**Goal of the exercise**
Your job is to print, exactly, the lines in the data below from the line with "Noguchi hideyo noguchi" through the line with "Brown Ceramic Soap", both included, and to omit any picture.
===== Extracted records =====
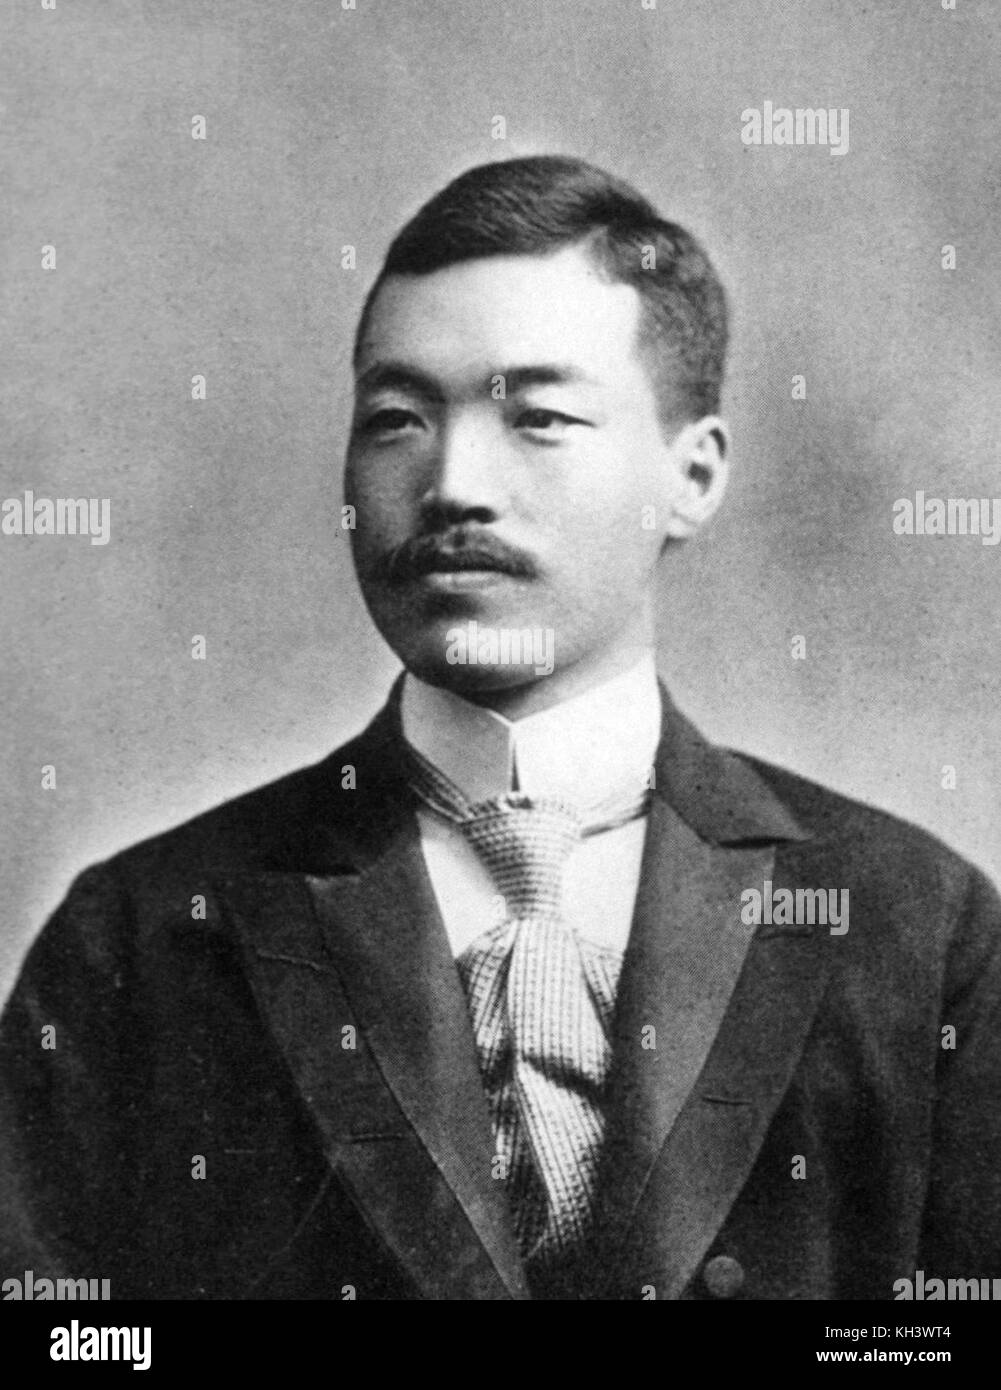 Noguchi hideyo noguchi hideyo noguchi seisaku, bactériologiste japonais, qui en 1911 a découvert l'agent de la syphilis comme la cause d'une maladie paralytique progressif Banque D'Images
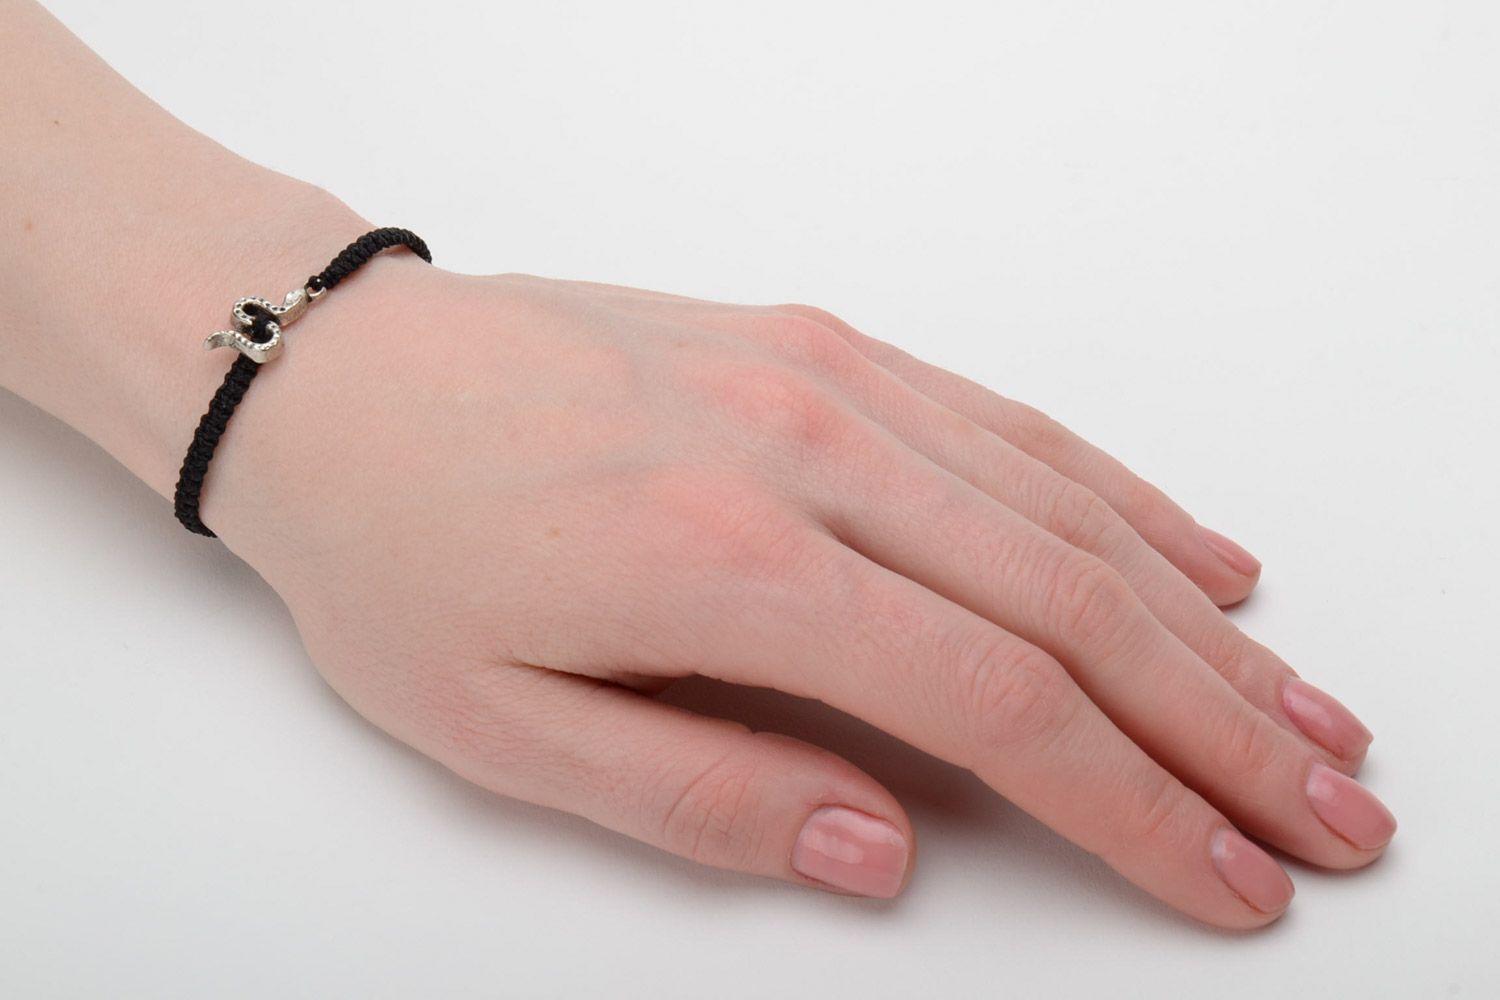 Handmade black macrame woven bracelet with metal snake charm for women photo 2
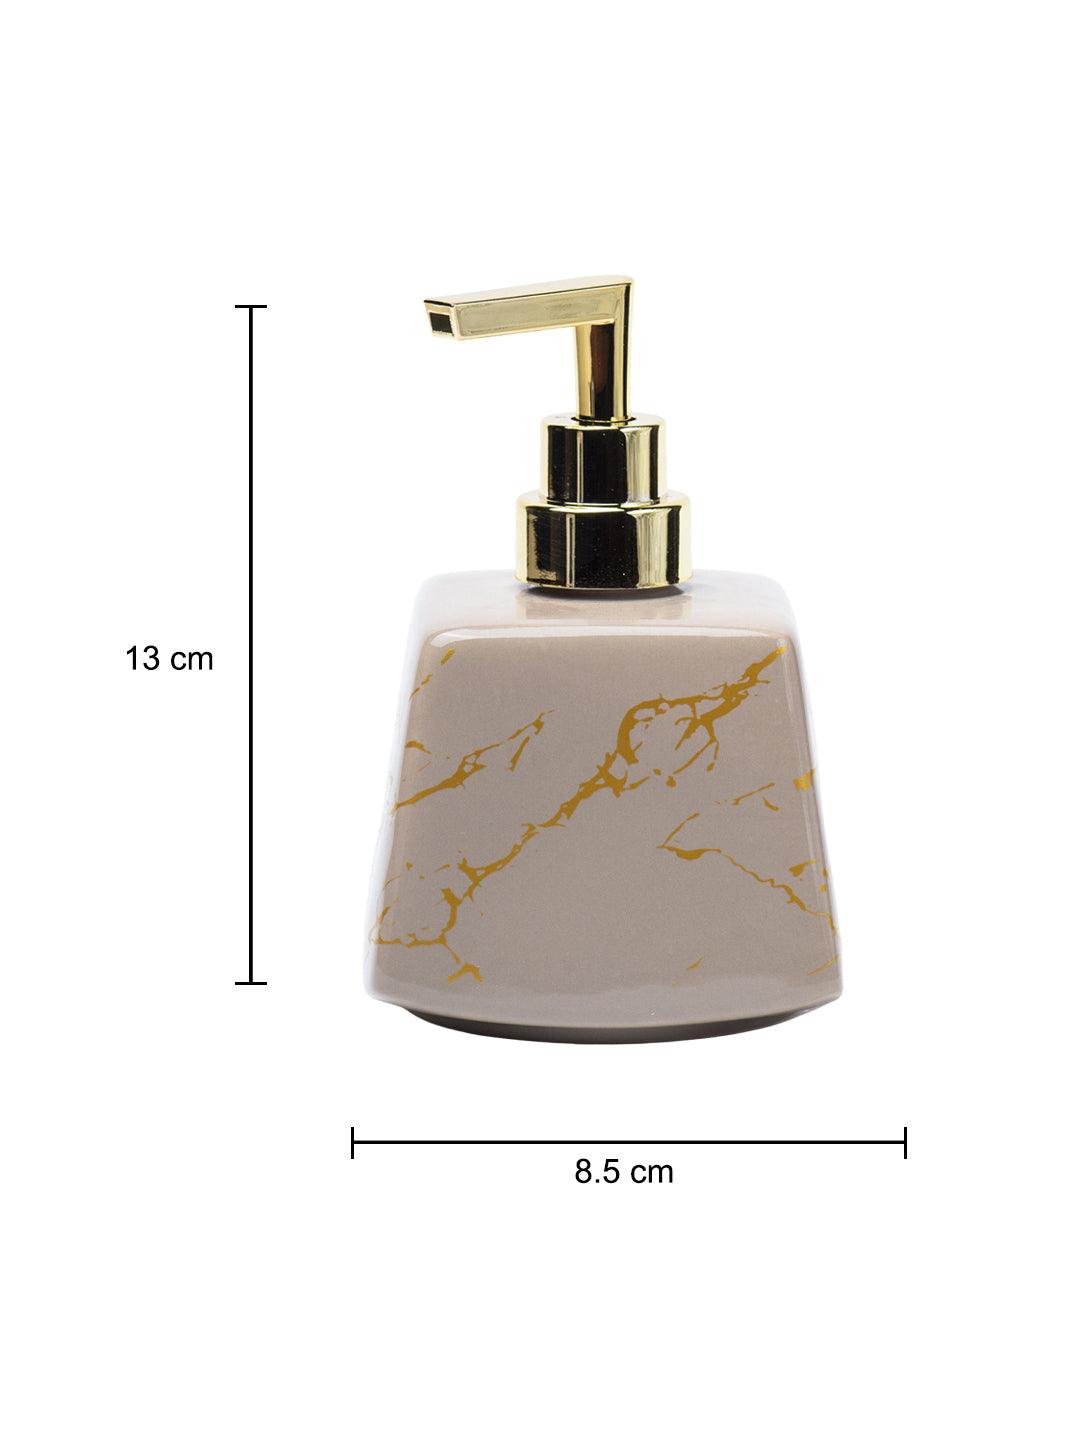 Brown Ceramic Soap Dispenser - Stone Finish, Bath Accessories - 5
=====
===== Extracted records =====
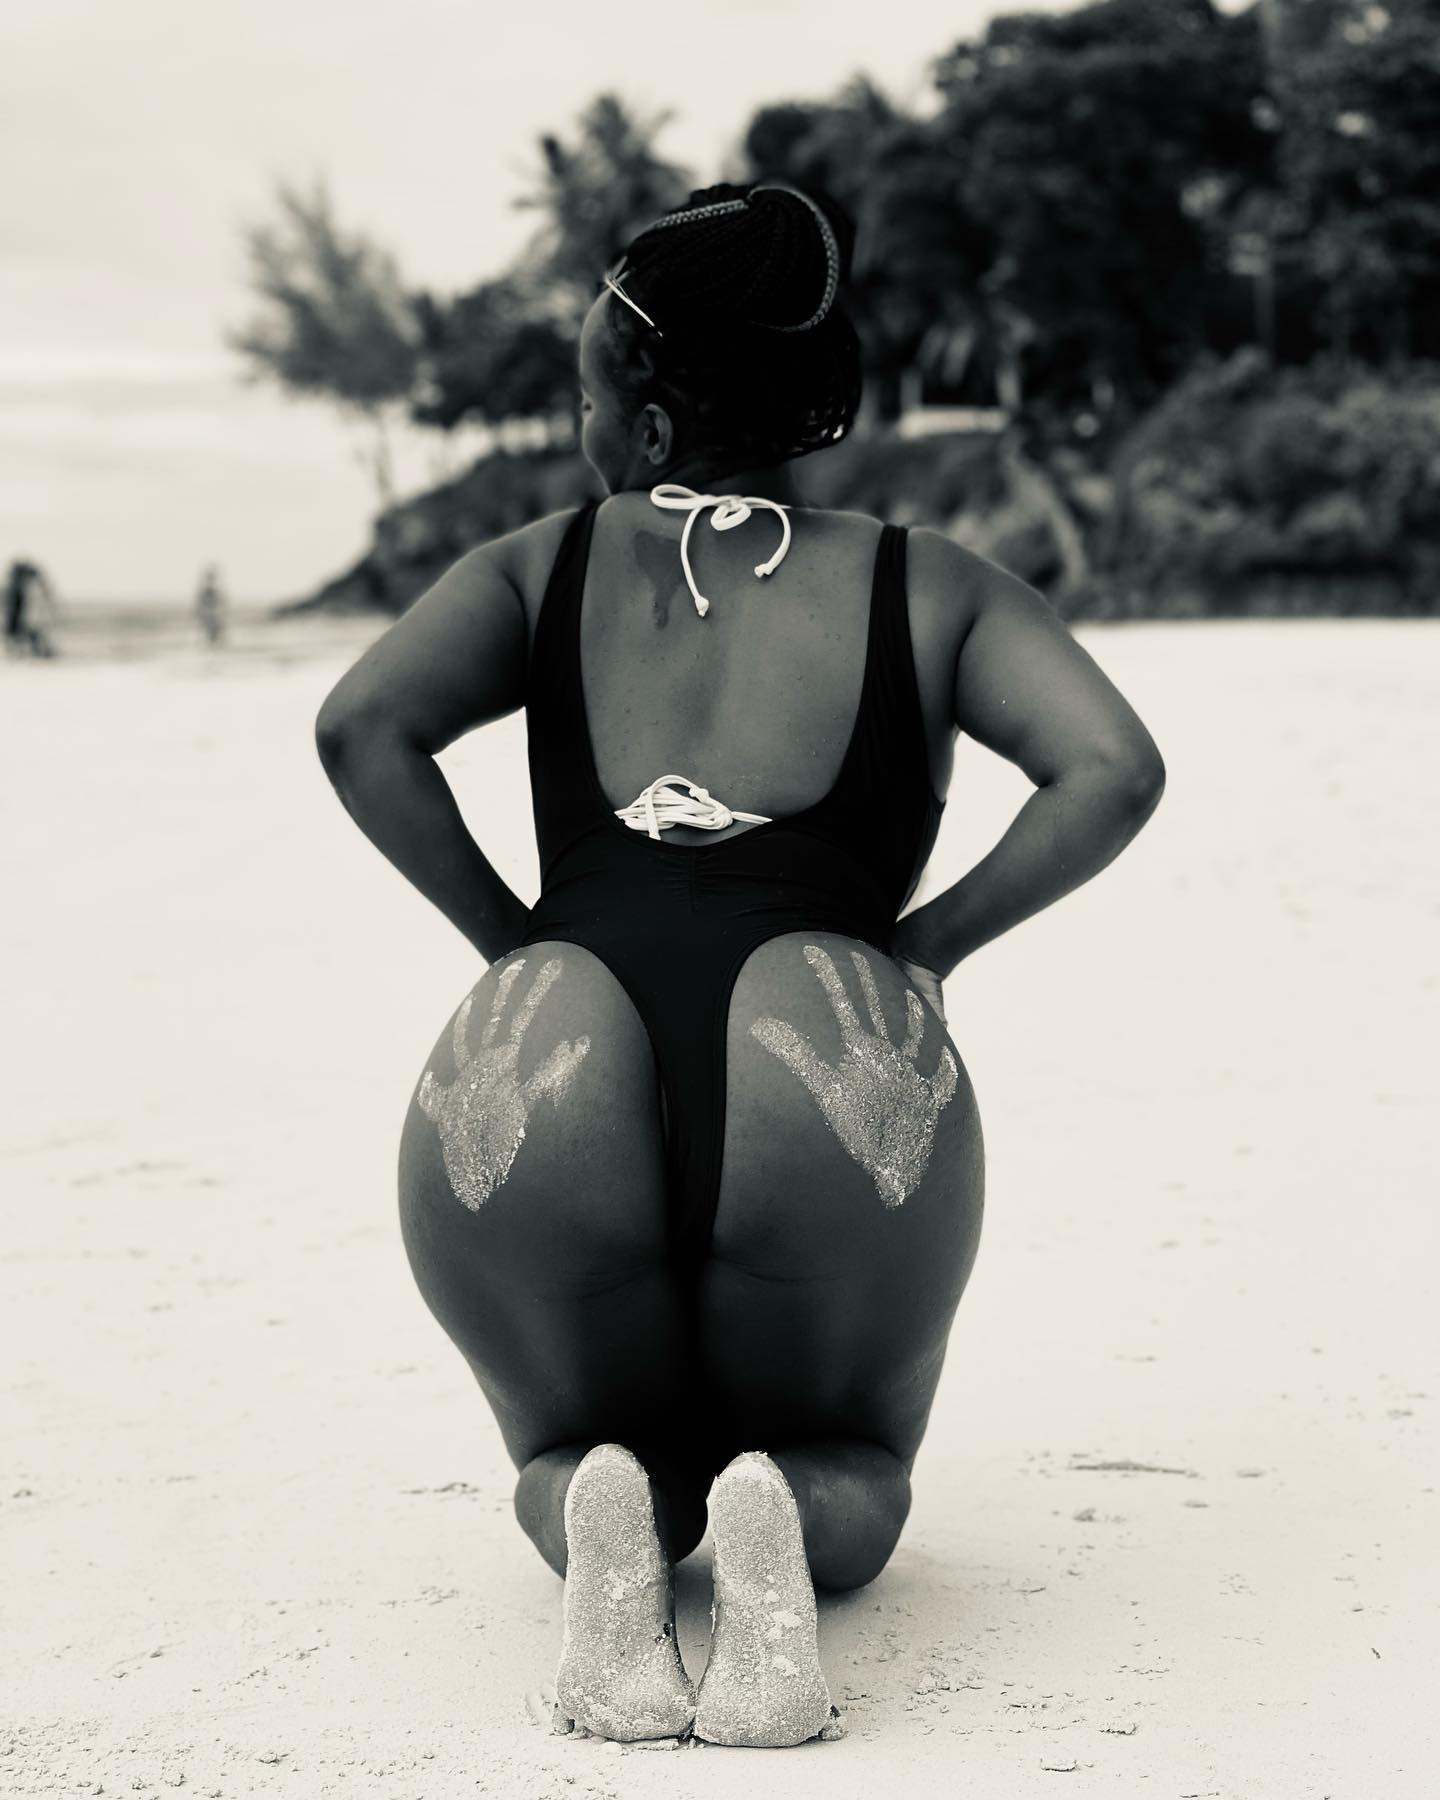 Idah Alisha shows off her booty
=====
===== Extracted records =====
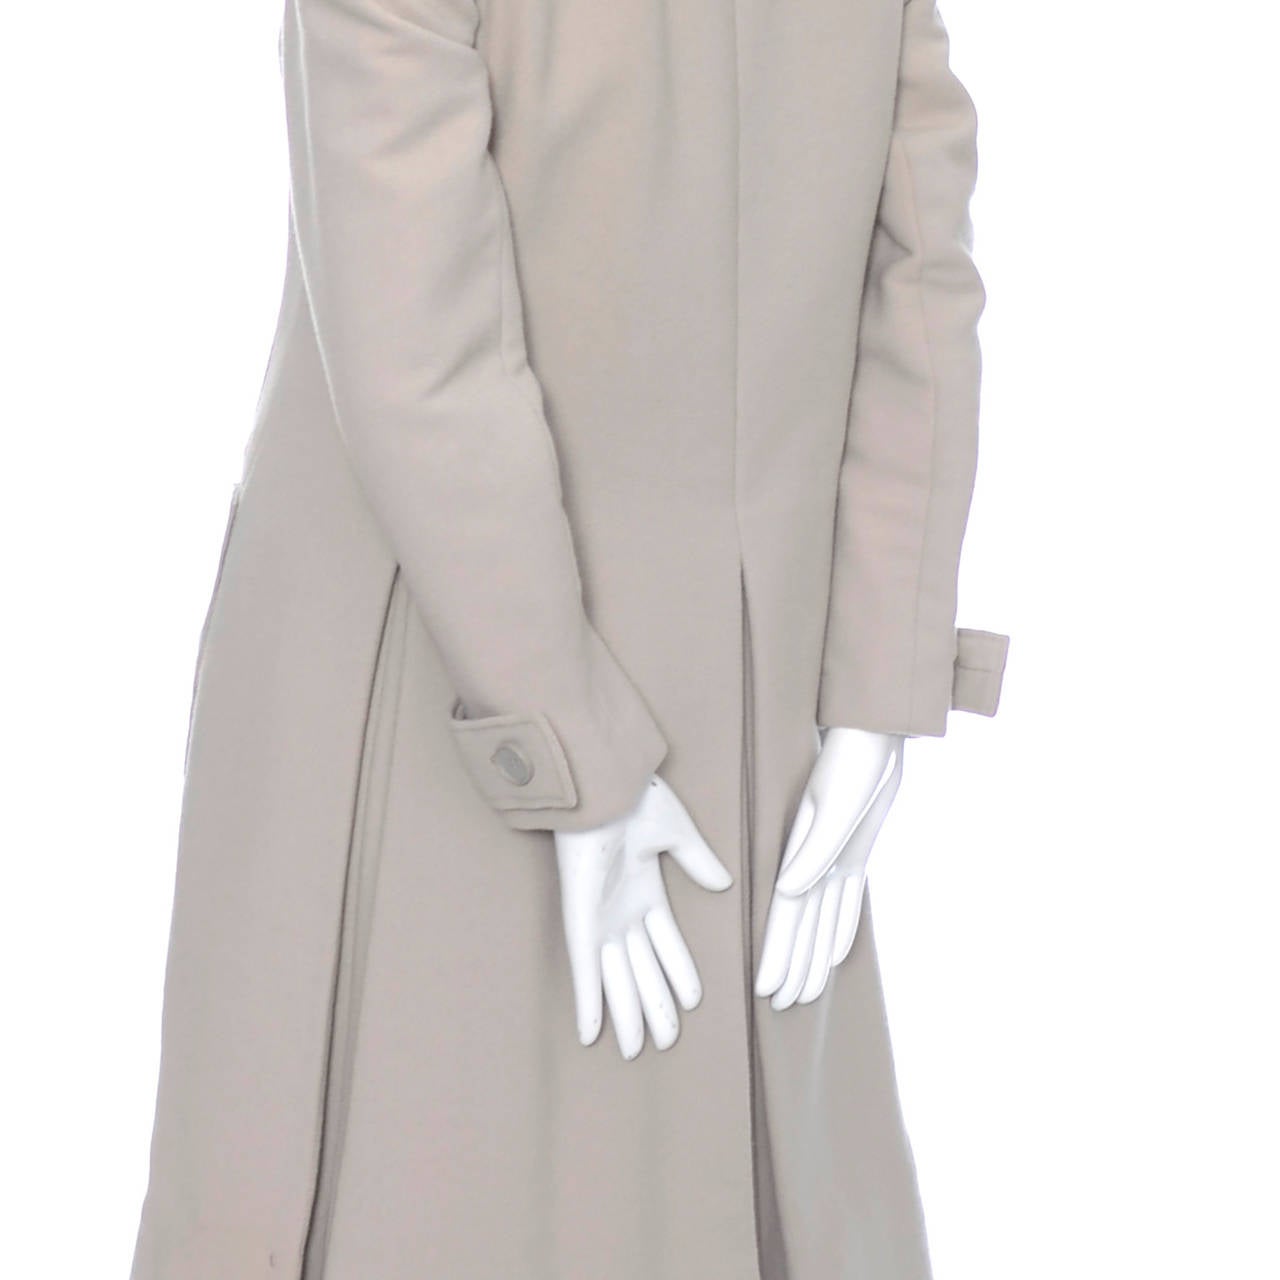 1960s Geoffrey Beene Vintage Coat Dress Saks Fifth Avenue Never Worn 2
=====
**Final answer**
 Noguchi hideyo noguchi hideyo noguchi seisaku, bactériologiste japonais, qui en 1911 a découvert l'agent de la syphilis comme la cause d'une maladie paralytique progressif Banque D'Images
 Handmade black macrame woven bracelet with metal snake charm for women photo 2
 Brown Ceramic Soap Dispenser - Stone Finish, Bath Accessories - 5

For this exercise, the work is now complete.